Raising salaries
or raising Cain
A dollar is a dollar is a dollar. Or is it?
It took just 52 seconds Monday night for Marion’s city council to introduce and approve an across-the-board 5% raise for all city employees.
The raise will end up costing the city quite a bit more than 5%. It also will increase various taxes and retirement benefits the city must pay. Factor those in, and a 5% raise balloons to 5.84% for most employees and to a whopping 6.62% for police officers covered under the state’s generous Police and Fire pension system.
Compare the employees’ raises with those received by typical city taxpayers on Social Security. Their benefits increased 2.5% this year, but unlike what happened with city employees, a portion of that raise went to pay for increased insurance premiums, reducing the average taxpayers’ raise to just 2.2%.
In the past 12 months, the cost of living has increased 2.4%. That means Social Security recipients now have less buying power while the people whose salaries they pay will have considerably more.
The raises aren’t because employees are doing their jobs better. Although in previous meetings, some council members wanted to give only 2.5% raises across the board and make any additional raises based on performance, the interim city administrator admitted that the city had no real system for evaluating whether individual employees did or didn’t deserve raises based on merit.
Not knowing who deserved a raise, the city decided to give everyone the same raise. Or did it? Across-the-board raises are inherently biased in favor of those who earn the most money.
Consider how many eggs a typical raise would buy. For a taxpayer on Social Security, this year’s raise might buy a dozen and a half a week. For a city employee earning $15 an hour, the raise approved Monday would buy more than four dozen each week. But for a city employee earning $100,000 a year, the raise would buy more than 14 dozen weekly, even if that worker might have to set aside part of that money for a cardiologist.
The 5% across-the-board raise floated through the city council Monday night because it repeatedly was billed as already having been approved in the city budget. Yet at a meeting a week ago, city officials admitted that there was almost no consideration of specific line items in the city budget for the last two years.
Not mentioned was a push two years ago to budget more than the city actually planned to spend so reserves could be built up. At the time, some on the council warned that money put in the budget would automatically be spent, not saved.

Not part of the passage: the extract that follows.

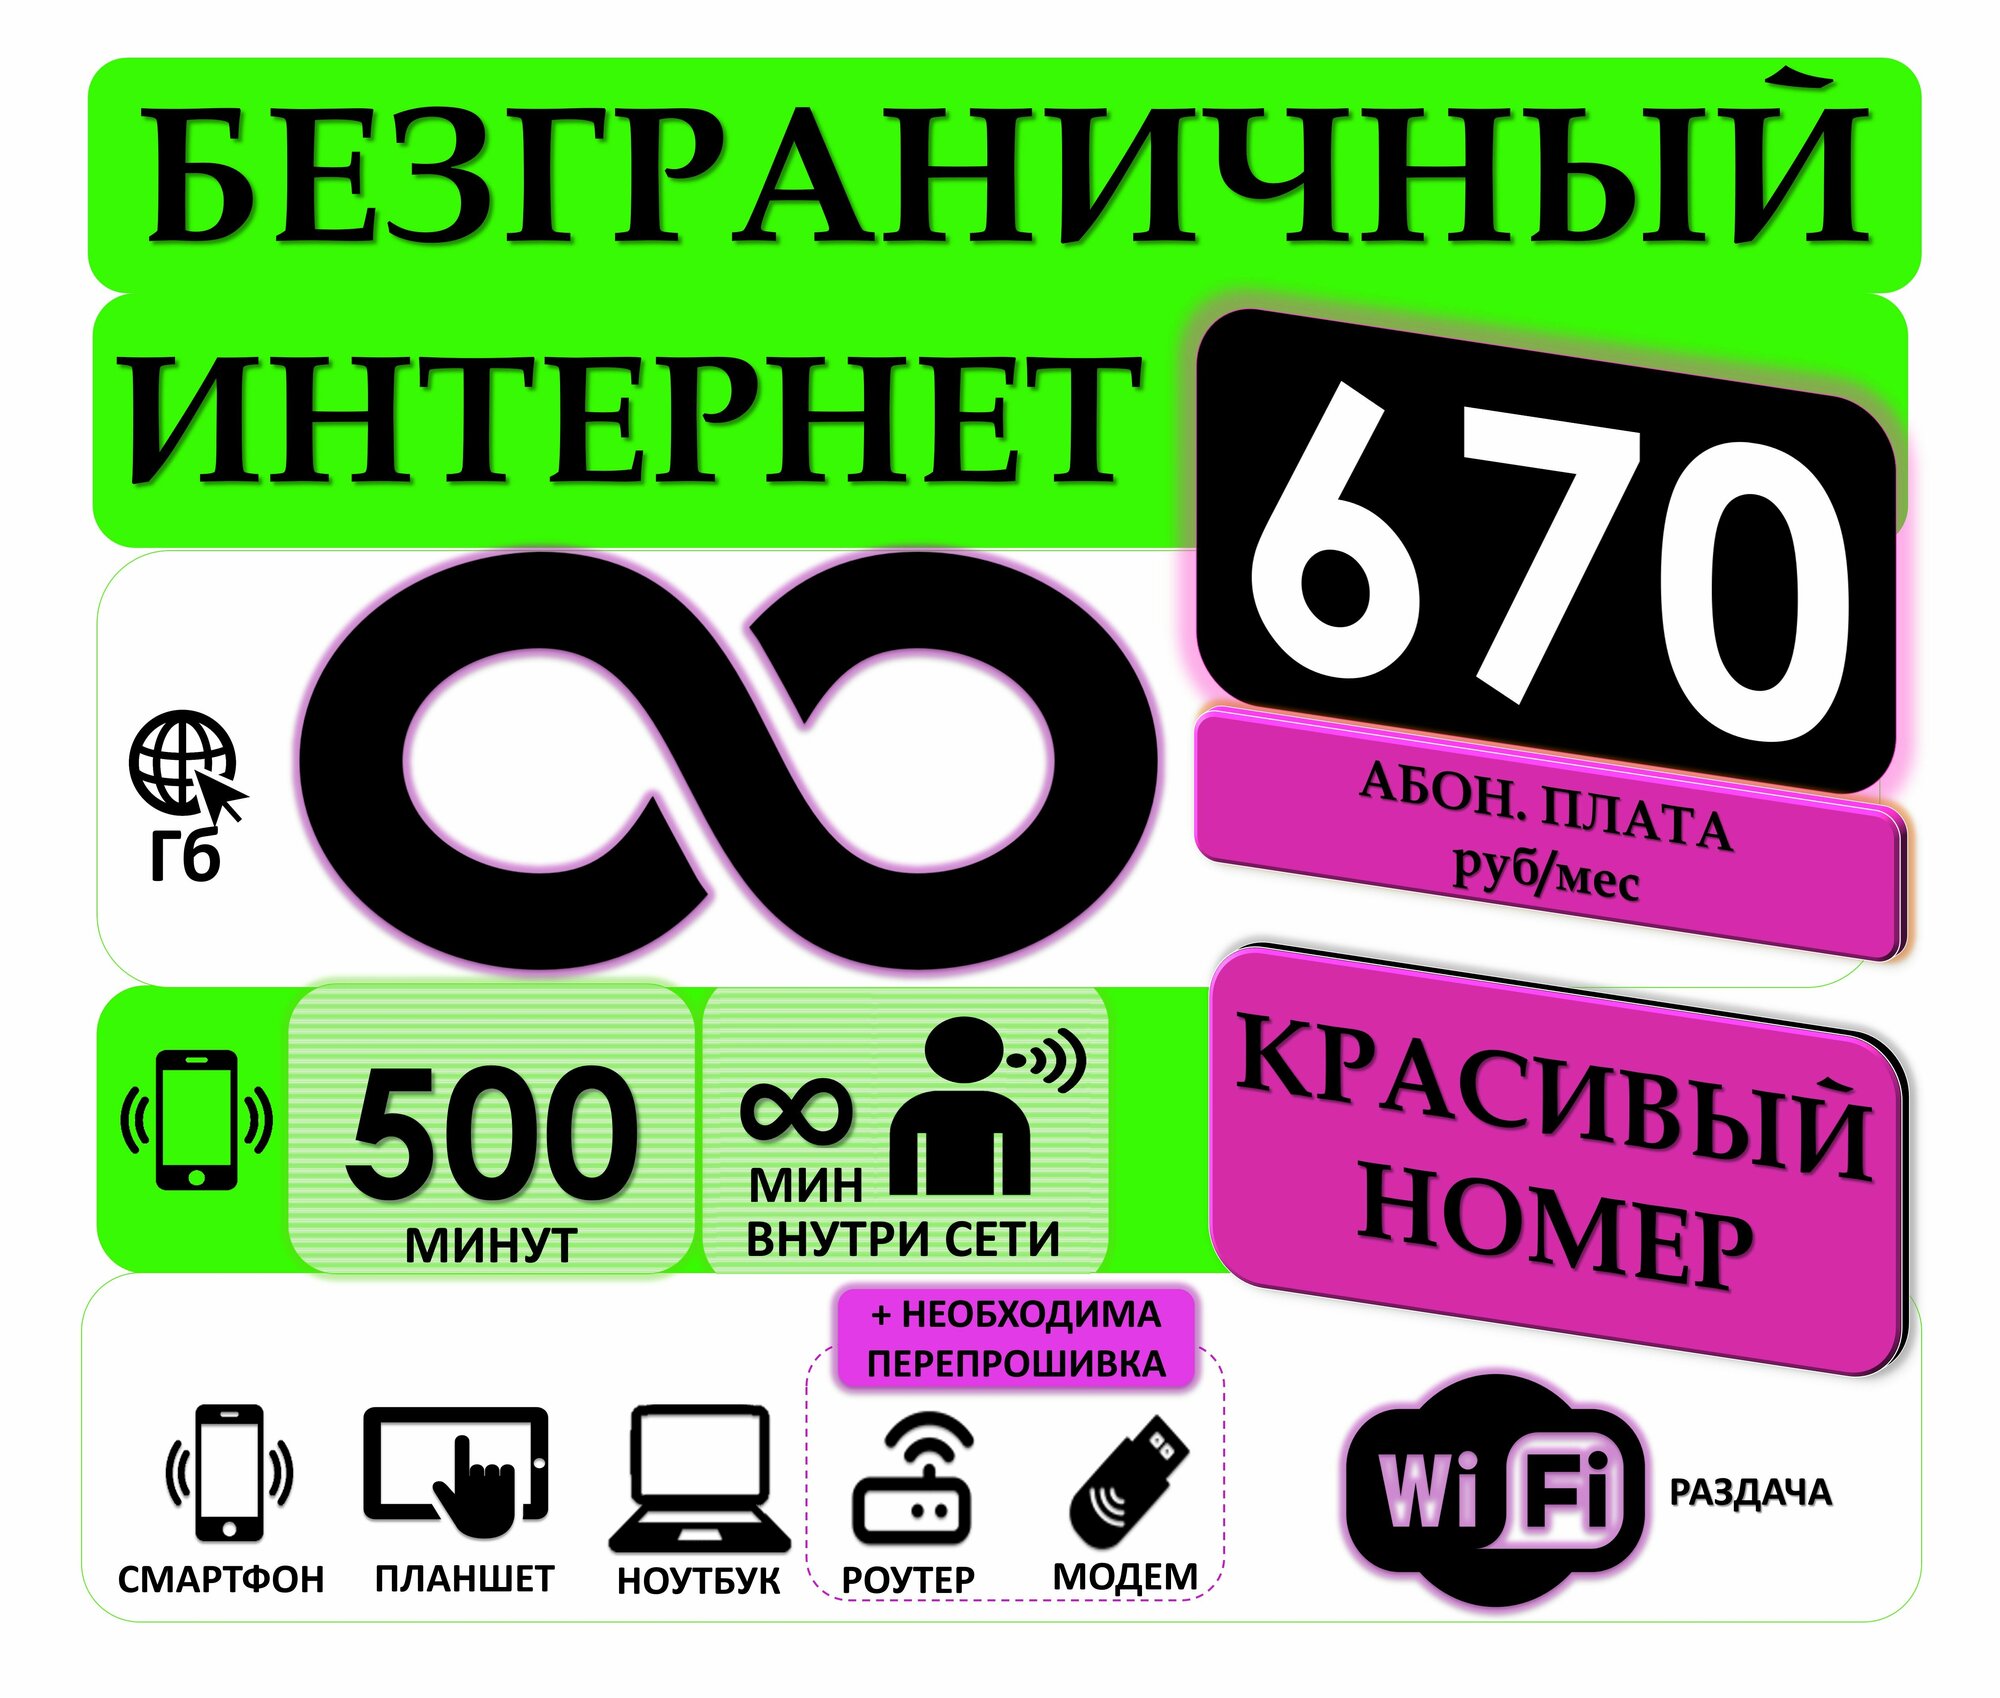 Сим-карта с Раздачей Безлимитного интернета и Красивым номером за 670 рублей в месяц, списывается посуточно.

It’s telling that since then, there’s been no discussion among council members of setting aside any portion of budgeted amounts to increase reserves. The only refrain heard is that the money’s in the budget, so it can be spent.
Marion’s city council has made remarkable progress in some areas in recent years, but it continues to be reluctant to raise questions about the true cost of raises and equipment city employees want. At times it seems as if council members regard city employees as a special interest that can sway elections and therefore should get whatever they want, regardless of the impact on people who pay the bills.
Take it from someone who was a public employee for 26 years before “retiring” back to private employment: Private employees rarely get anywhere near the time off, raises, benefits, or other perks government workers enjoy. Rarely do private jobs attract employees away from government positions. Quite the reverse, private employers have to try — and usually fail — to keep up with the total package government workers receive.
A private employer would never give raises across-the-board merely because employees’ performance had not been evaluated. A private employer would not give automatic raises in any case. Raises would be based on profitability, and private employers can’t increase their revenue simply by deciding to raise taxes.
A bad year typically means bad raises. And sometimes that’s appropriate because a bad year can be caused by bad performance by employees.
Whether the 5% across-the-board raise approved Monday was warranted may be a debatable question. Wouldn’t it have been nice if it had received more than 52 seconds of discussion, which actually involved no discussion at all — simply a monologue by the city administrator followed immediately by a vote.